Maar hoewel de voorgestelde oplossingen – zonnepanelen, warmtepompen, minder vlees eten – ongetwijfeld noodzakelijk zijn, zijn ze voor het grootste deel fantasieloos en ongeïnspireerd – en geïsoleerd van een breder systeem van overtuigingen waardoor ze echte betekenis kunnen krijgen.

De volgende vijf boeken bieden een alternatief perspectief. In tegenstelling tot het simplistische idee dat we alleen maar een reeks technologische en levensstijlveranderingen hoeven door te voeren, bieden ze een nieuwe manier om de natuur te begrijpen en te relateren.
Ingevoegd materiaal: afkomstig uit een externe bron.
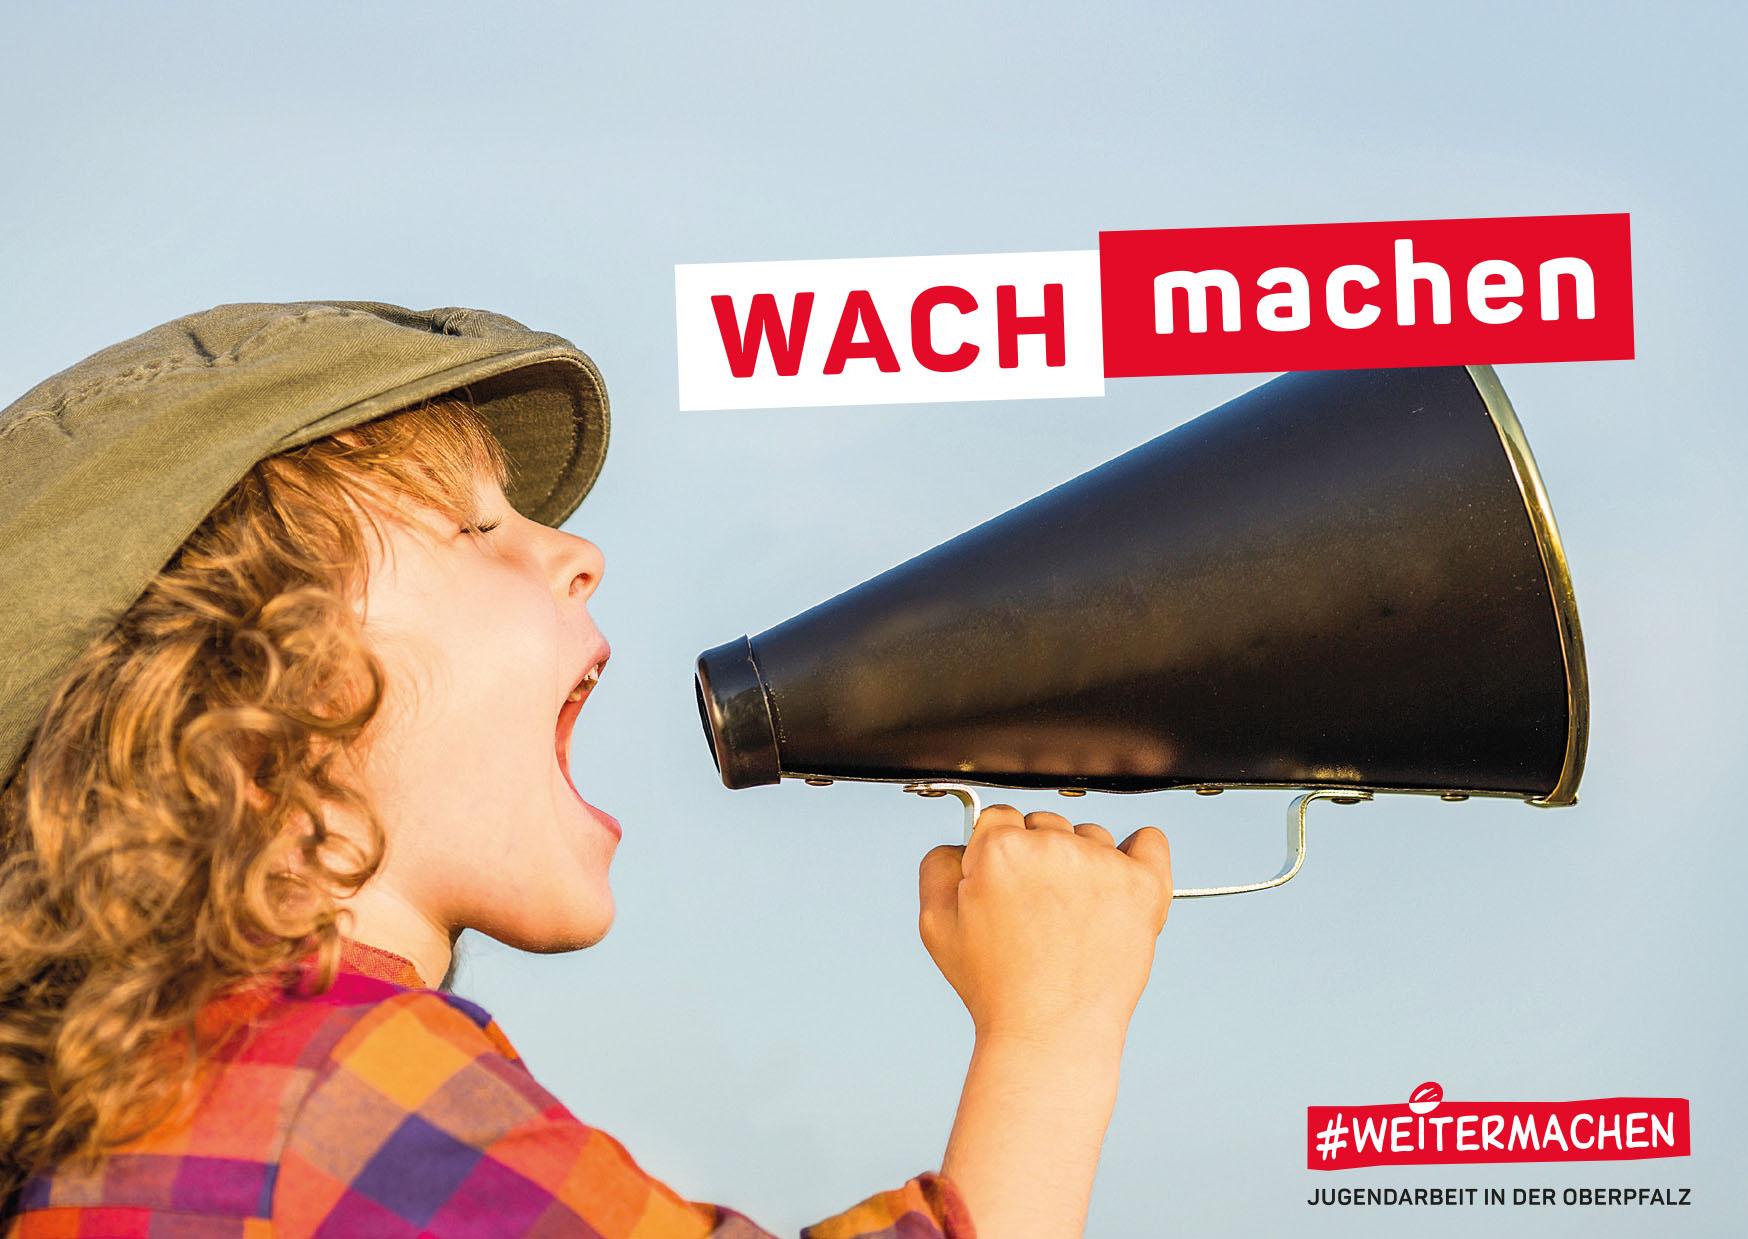 PK_Weitermachen_Auswahl.indd
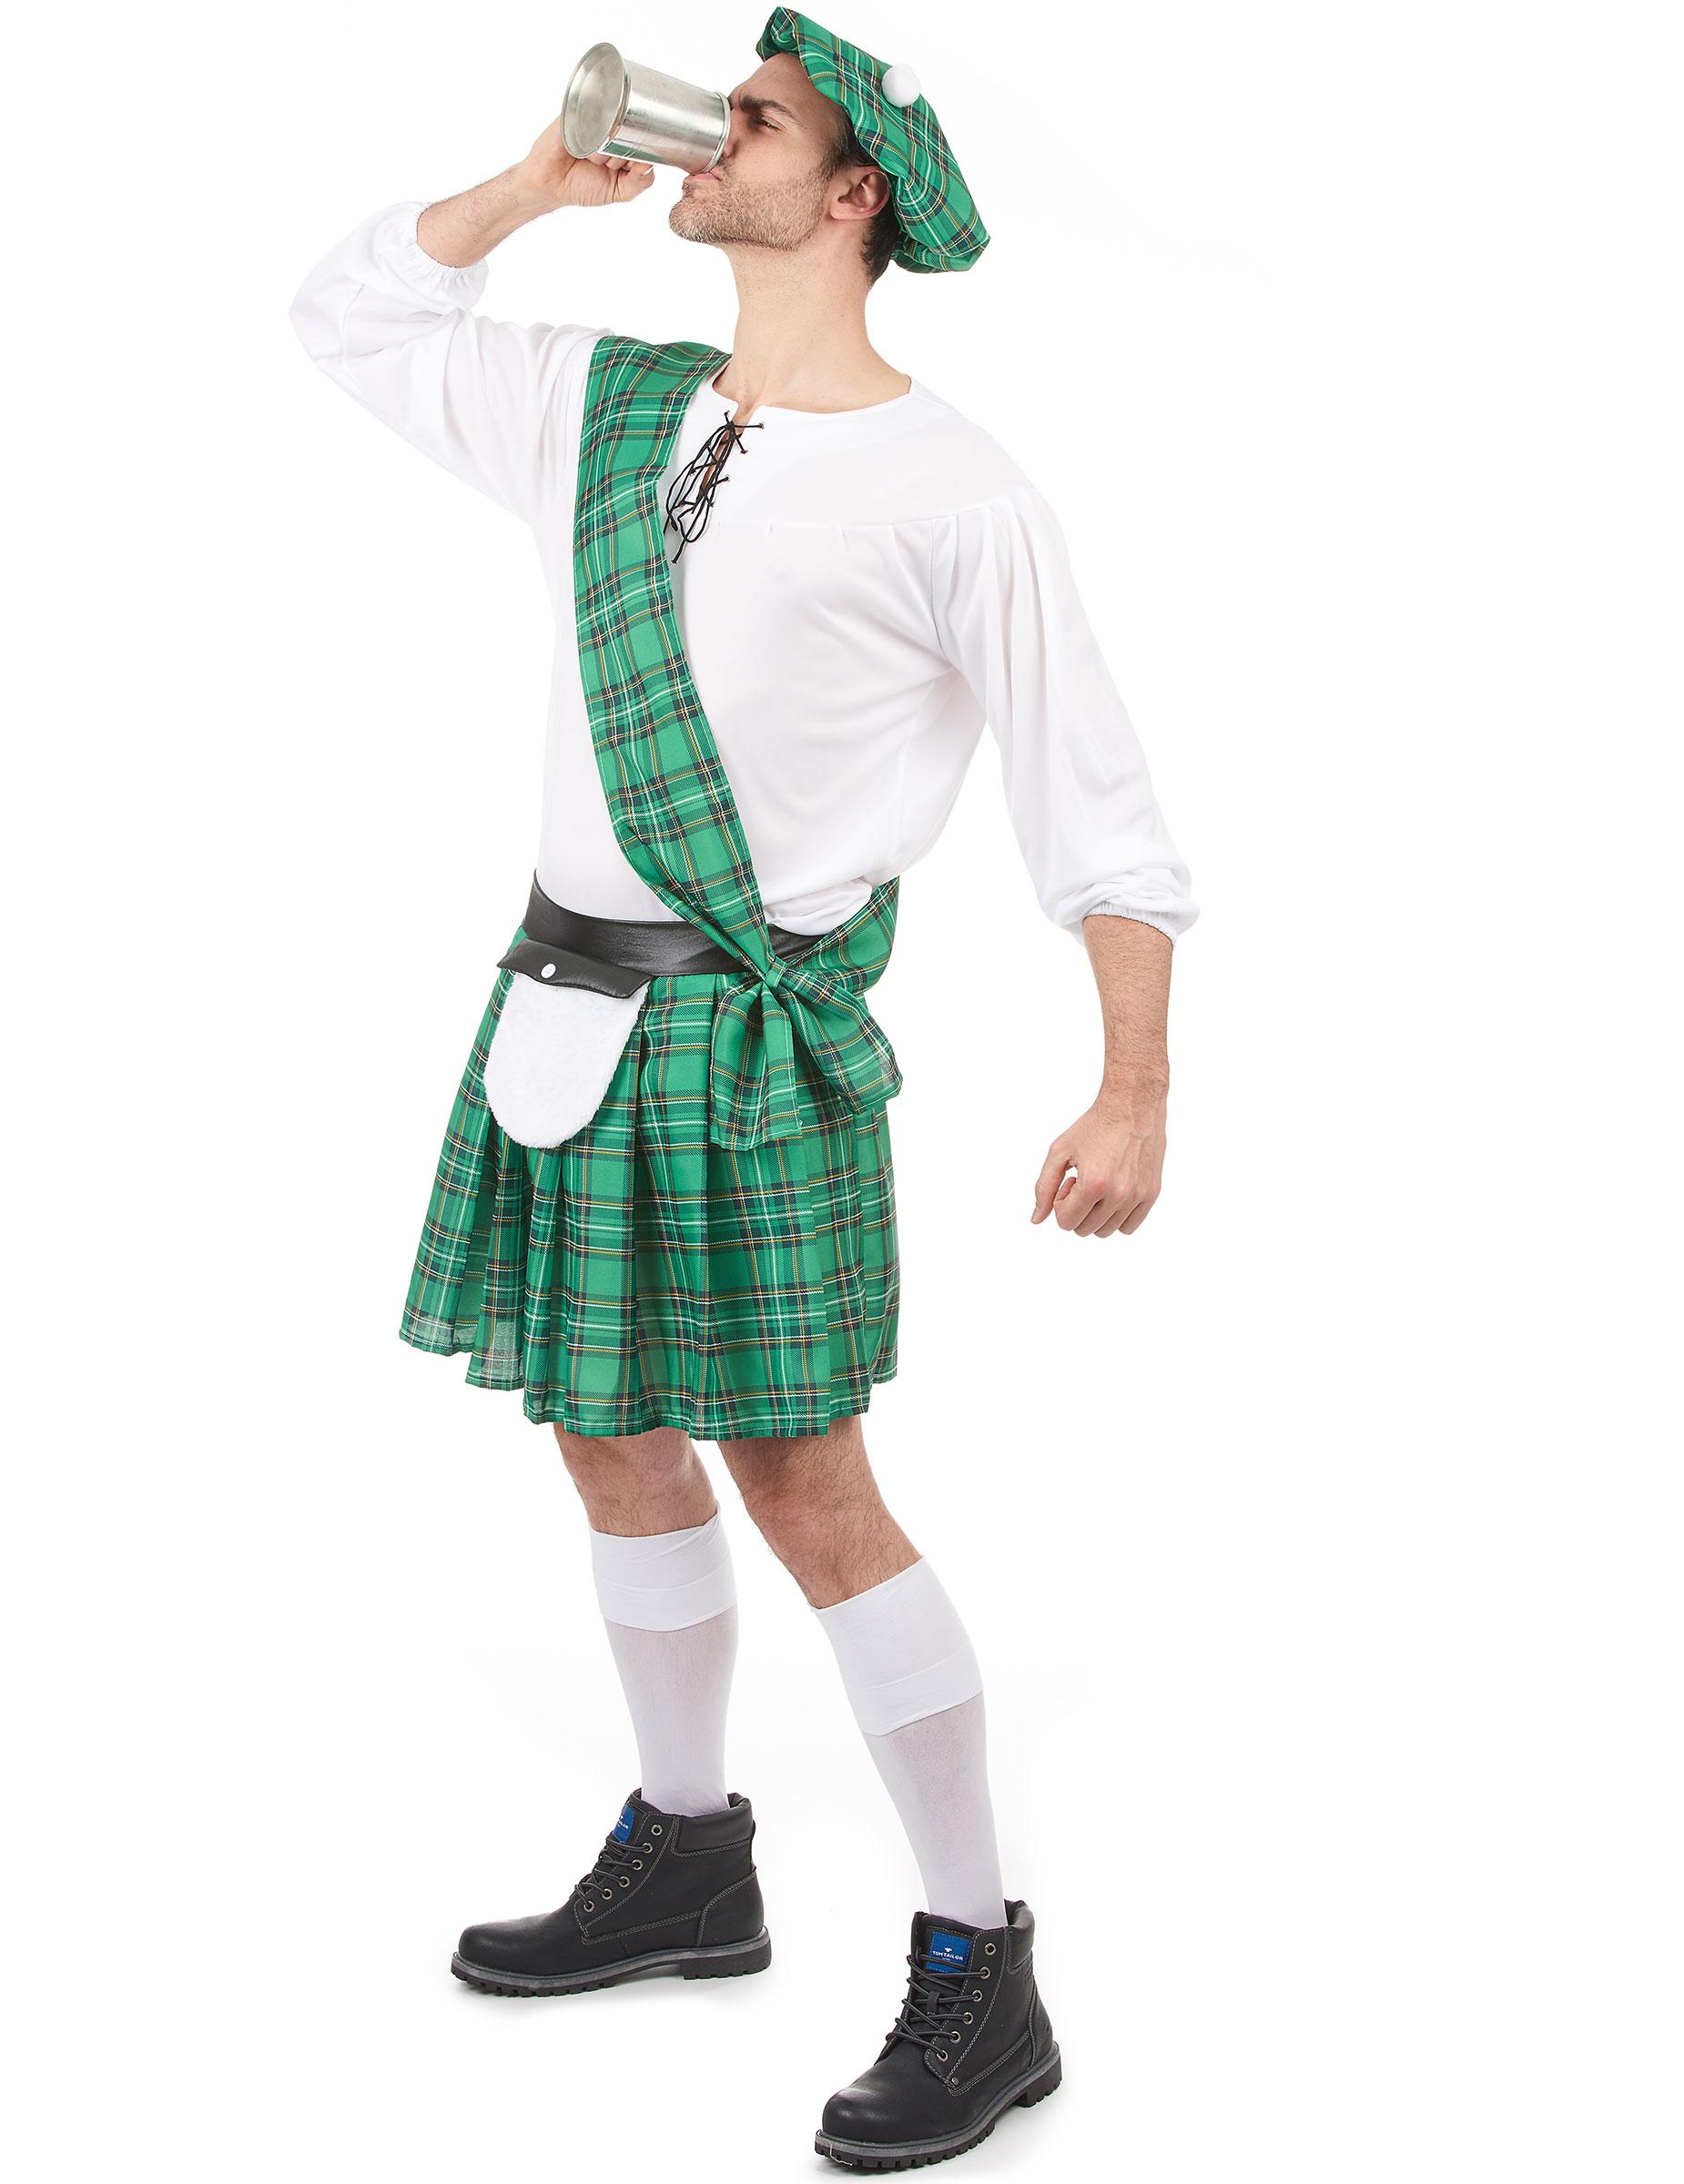 D guisement cossais vert homme achat de d guisements - Deguisement en o ...

Aanverwant: Laat je inspireren door alternatieven voor Amazon voor boeken en alternatieven voor Audible voor audioboeken

Gaia van James Lovelock (1979)

Auteur verstrekt

Boekhandel | Amazone

In zijn boek uit 1979 biedt James Lovelock een geheel nieuw begrip van de aarde als niet alleen een planeet waarop het leven is geëvolueerd, maar een zelfregulerend systeem dat in staat is om significante fluctuaties te corrigeren die de neiging hebben om het onbewoonbaar te maken, zoals stijgingen of dalingen van de wereldwijde temperaturen of het zoutgehalte van de oceaan.

Lovelock laat bijvoorbeeld zien hoe het milieu heeft bijgedragen aan het verlagen van het koolstofdioxidegehalte in de atmosfeer om te compenseren voor een gestaag opwarmende zon. Dit heeft de wereldwijde temperaturen in een bewoonbaar bereik gehouden.

Uiteindelijk ligt het belang van Gaia echter niet alleen in haar gedurfde wetenschappelijke claims, maar ook in de manier waarop het de mogelijkheid opent om wetenschap en spiritualiteit, het ware en het zinvolle, samen te brengen. Wat betekent deel uitmaken van Gaia voor ons?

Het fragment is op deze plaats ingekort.